Brief: A verbatim copy of all the data is required; the pictures should not appear in it.

Data extract:
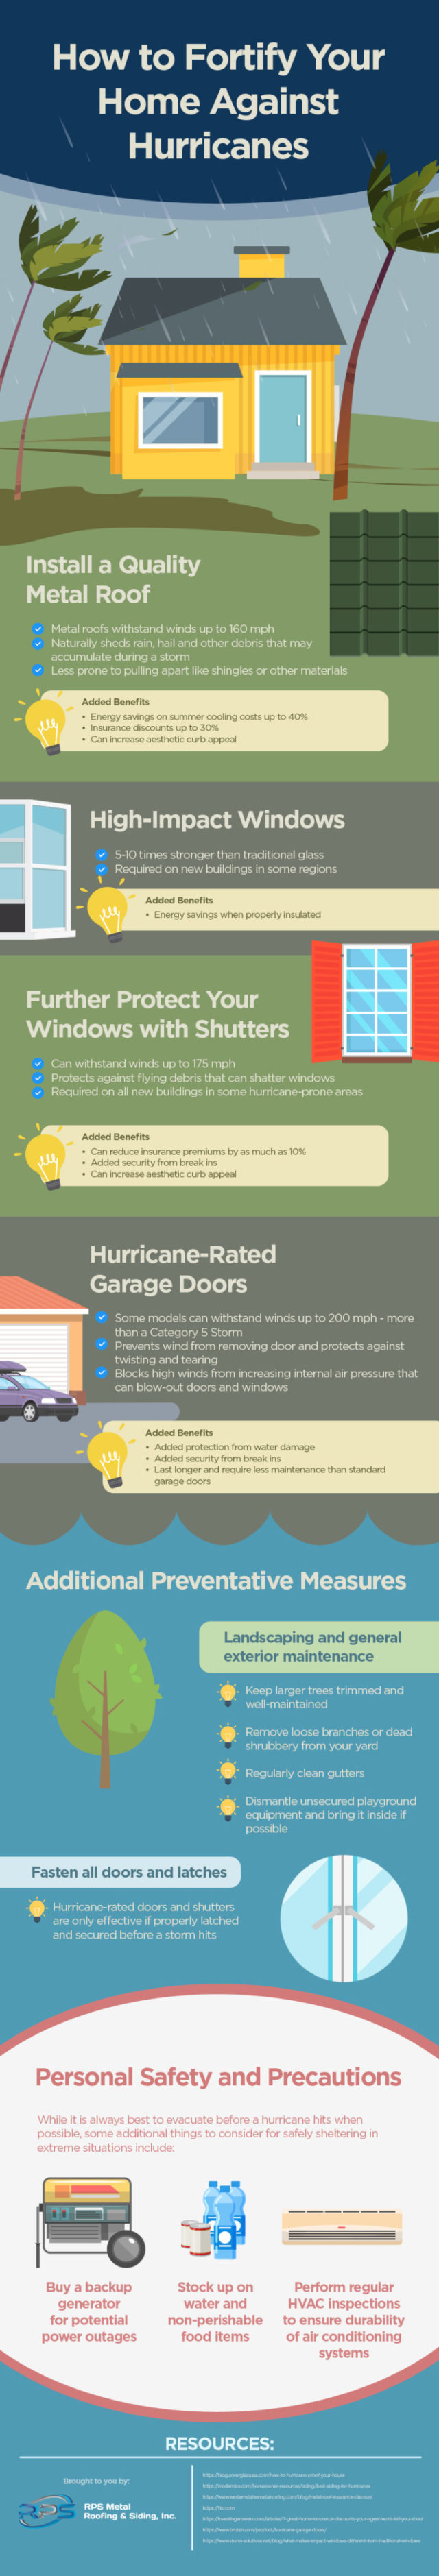 How To Fortify Your Home Against Hurricanes
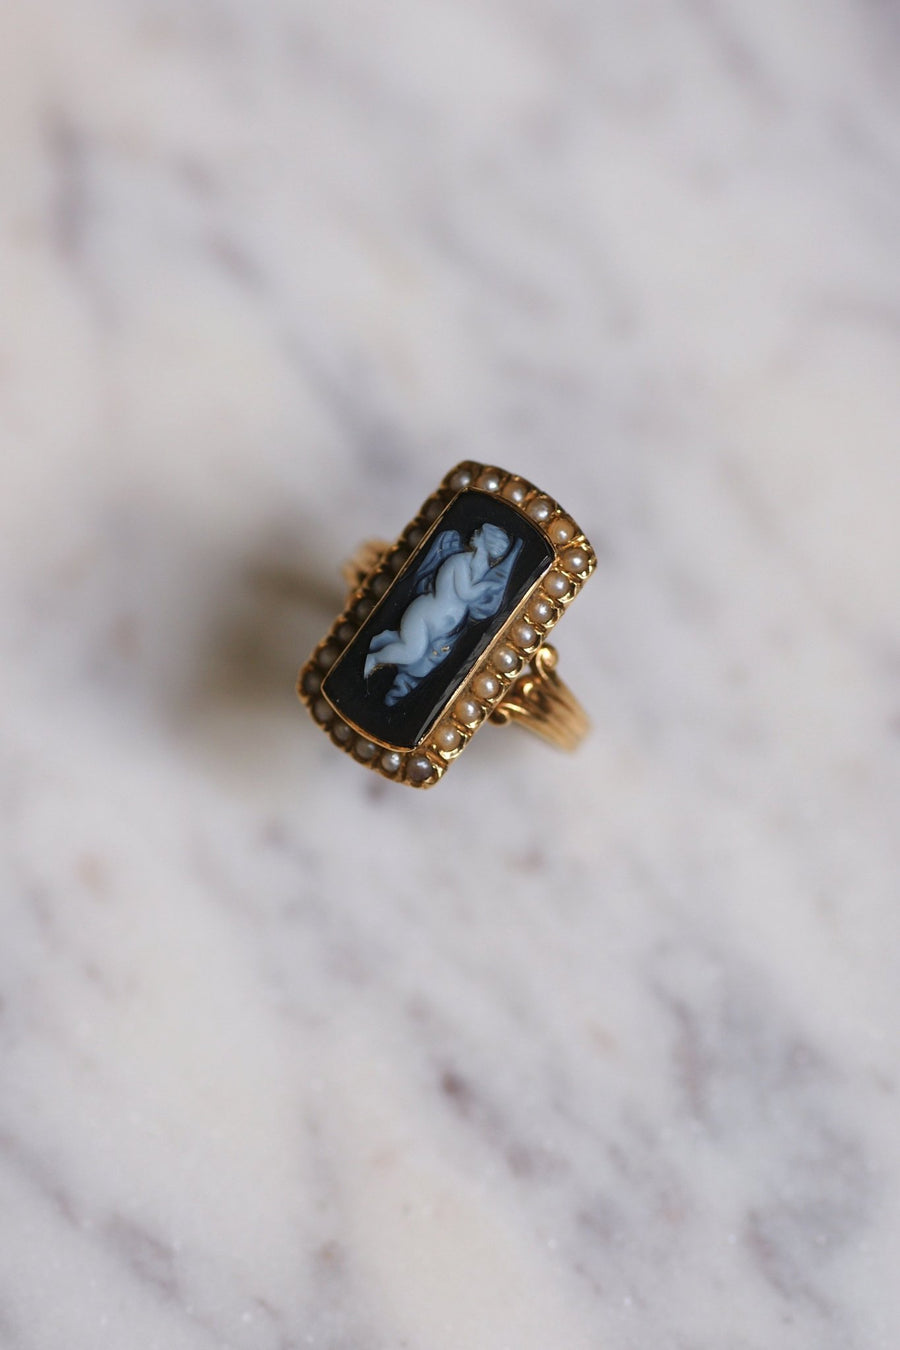 Antique gold cameo angel musician agate ring - Galerie Pénélope
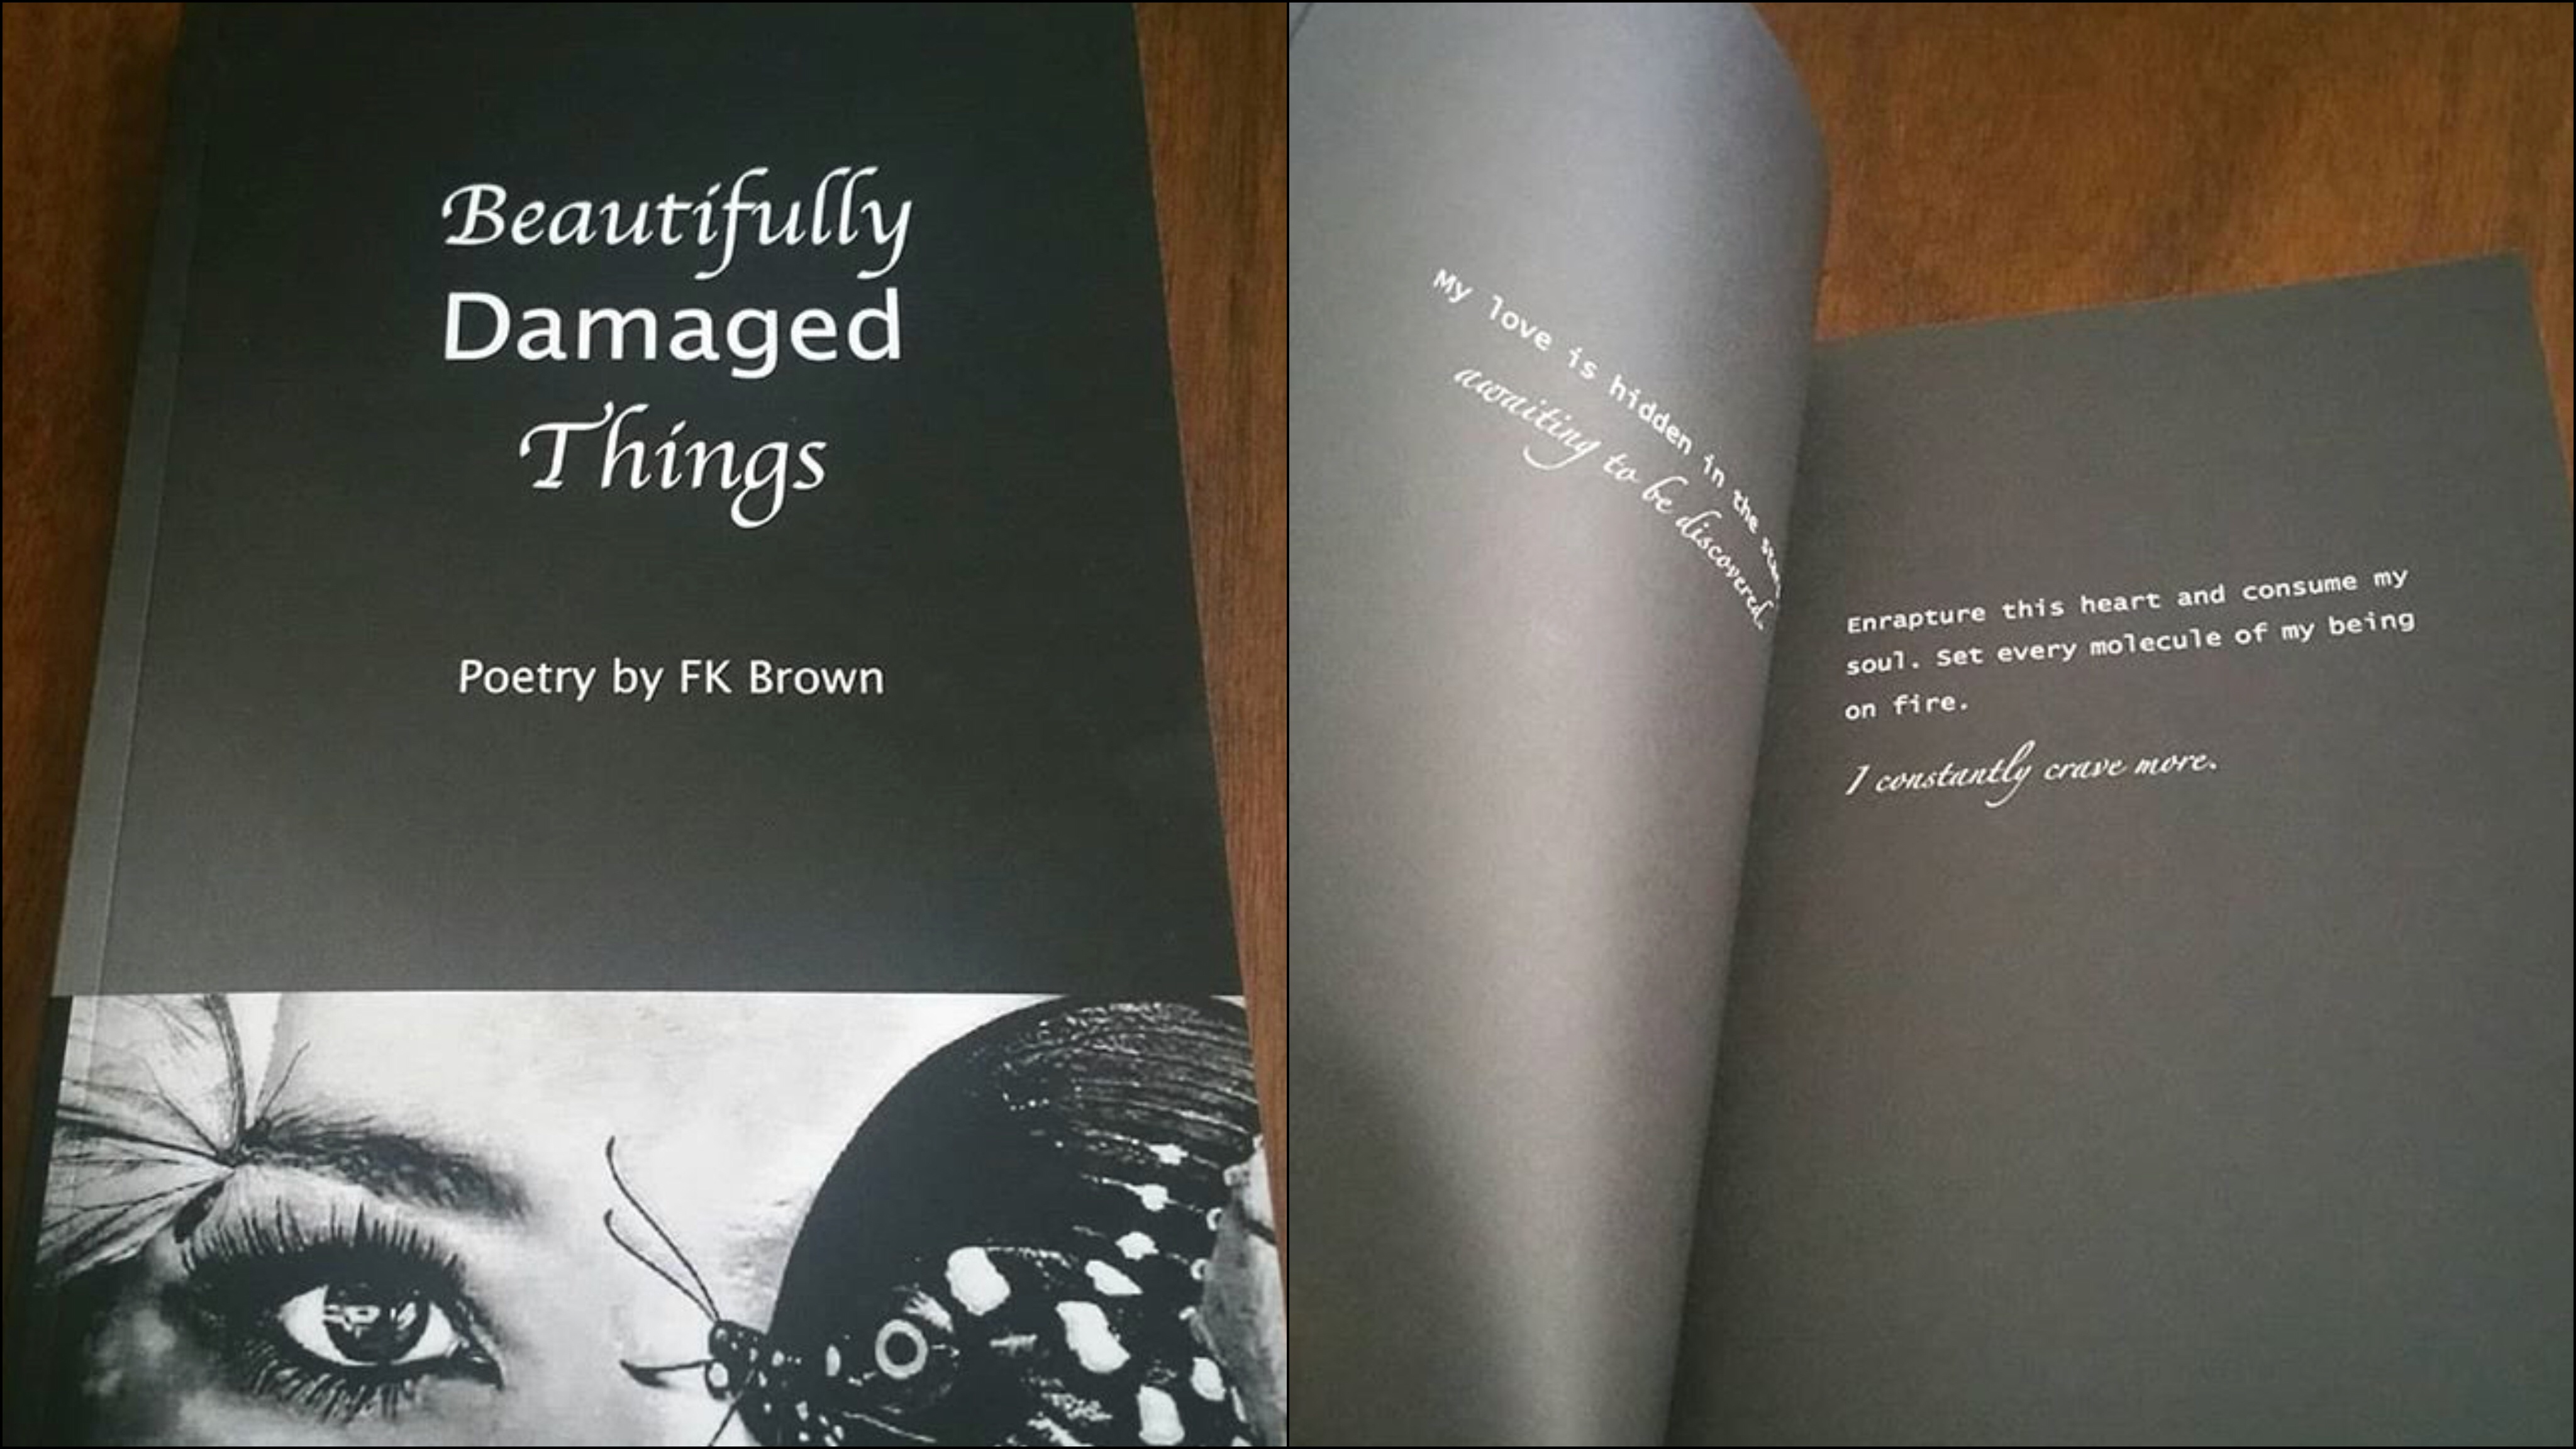 Book Review of “Beautifully Damaged Things” By FK Brown
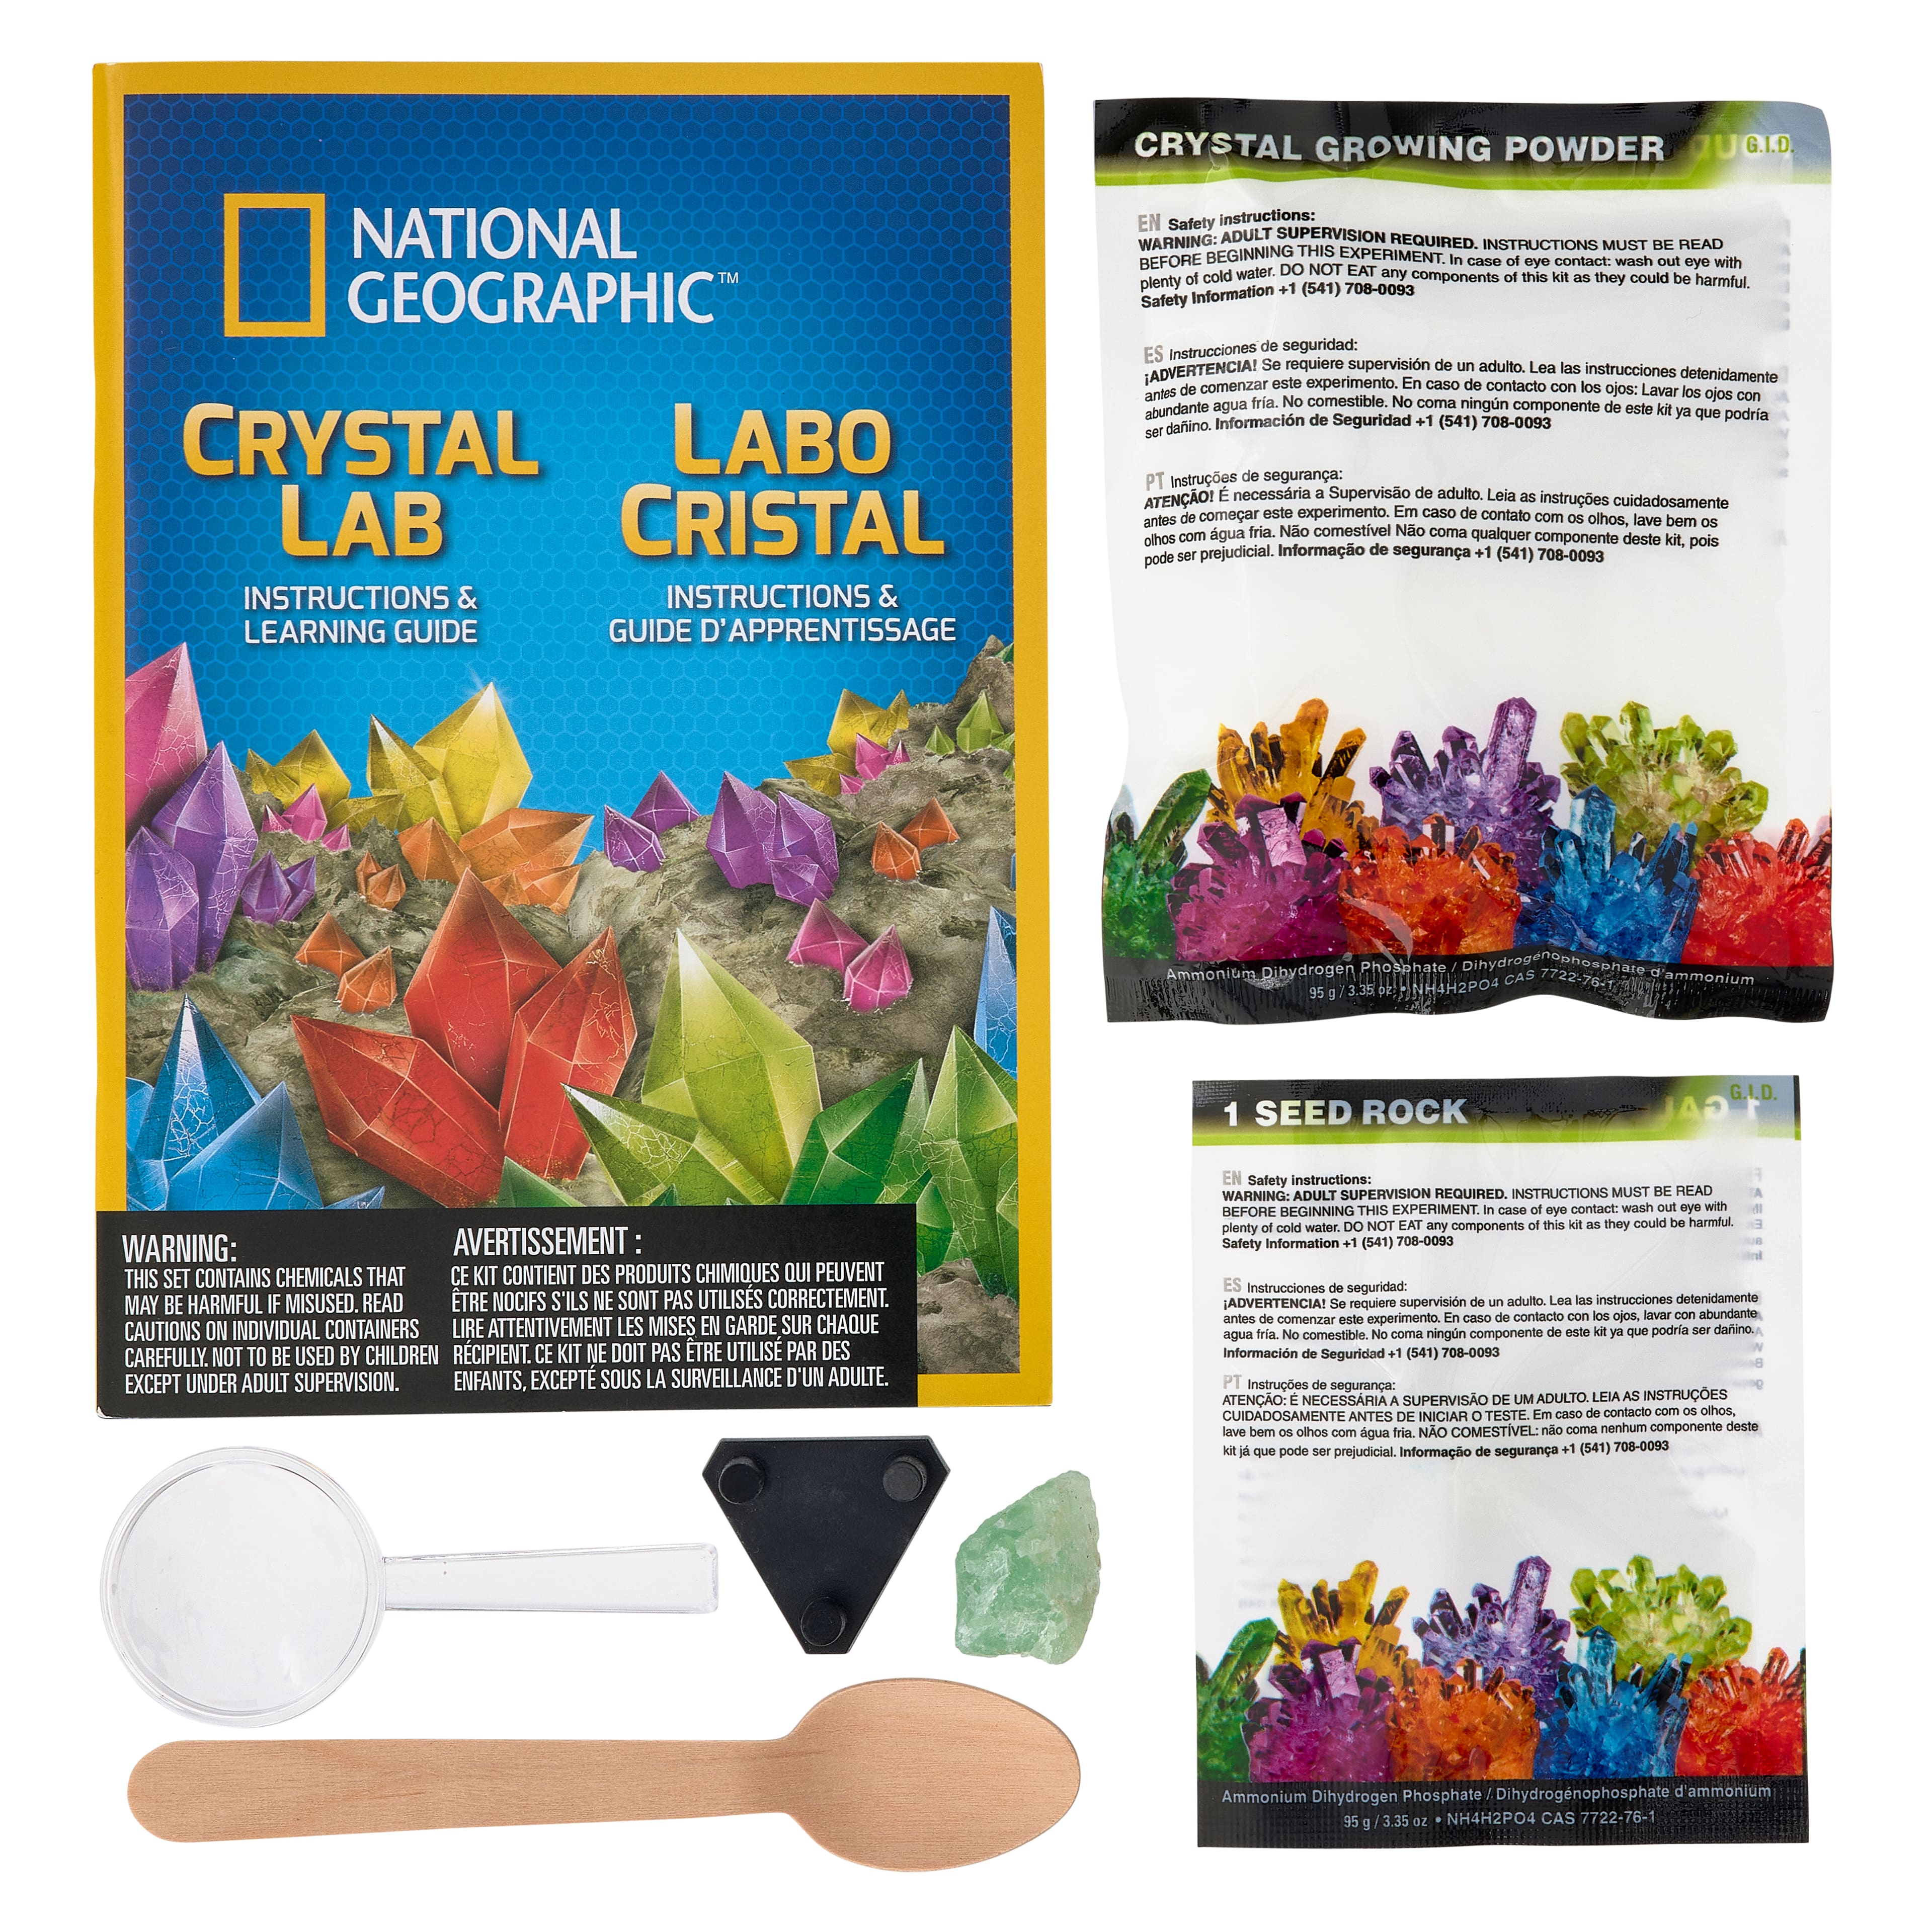 8 Pack: National Geographic&#x2122; Glow-In-The-Dark Crystal Lab

Result:
 How To Fortify Your Home Against Hurricanes
 Antique gold cameo angel musician agate ring - Galerie Pénélope
 Book Review of “Beautifully Damaged Things” By FK Brown
 8 Pack: National Geographic&#x2122; Glow-In-The-Dark Crystal Lab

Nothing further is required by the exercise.